Rates were not calculated for strata with less than 5 cases are denoted by a dash (-).

2

Estimates in bold are statistically significant.

3

AAPCs were not calculated for categories with < 5 cases for 3 or more time periods, as denoted by a dash (-).

Primary peak incidence comparisons (10–19 age group)

The 10–19 age-group presented the first peak in incidence of OS as well as largest difference in male and female rates (Figure 1). Among regional groups, incidence ranged from 4.9 to 9.4 cases per million (Table 1). The highest rates were observed in Northern Africa, Southeastern Asia and South America at 9.4, 9.2 and 9.2 cases per million. The lowest incidence rates were seen in Southern Asia, Eastern Europe, and Western Asia at 4.9, 6.1, and 6.6 cases per million (Table 1). The highest rate among males was observed in South America (10.8), while the highest rate among females was seen in South-eastern Asia (7.7) (Figure 1). The lowest male and female rates were observed in Southern Asia (ASR: 5.3) and Southern Europe (ASR: 5.1), respectively. Southern Europe presented the highest male to female ratio of 2:1 in the 10–19 age-group.

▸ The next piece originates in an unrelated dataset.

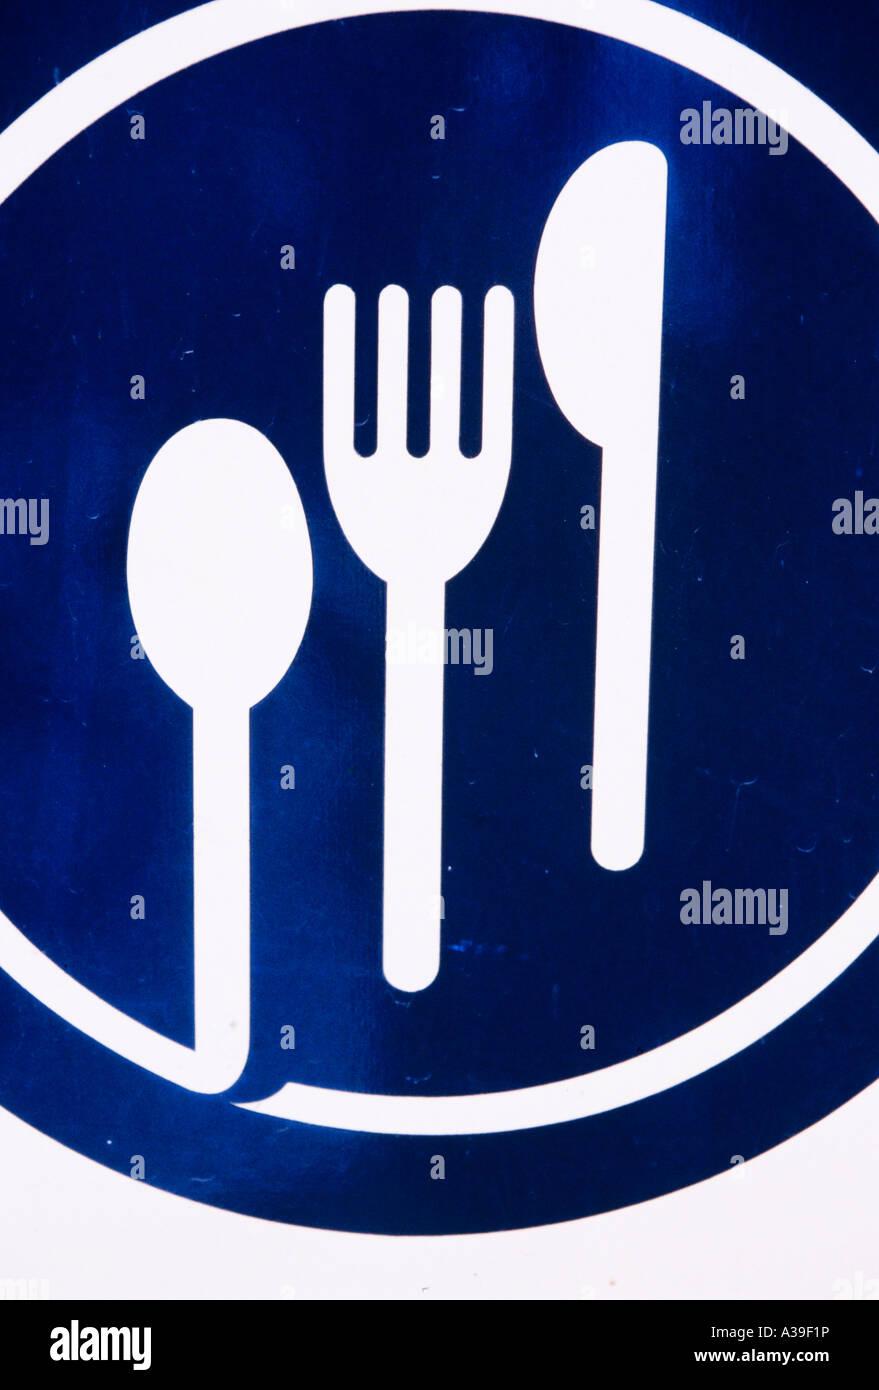 Cartello, segnale, cibo, forcella, coltello, blu, bianco, indicazioni, close up Immagini Stock

When we evaluated rates by country, the highest rates were seen in Iceland (ASR:13.5), Slovakia (ASR:13) and the Philippines (ASR: 12.5) (Figure 2). Rates varied among countries within each region. The lowest rates were seen in South Africa (ASR: 2.8), Malta (ASR: 3.7) and Lithuania (ASR: 3.9).

Secondary peak incidence comparisons (60–79 age group)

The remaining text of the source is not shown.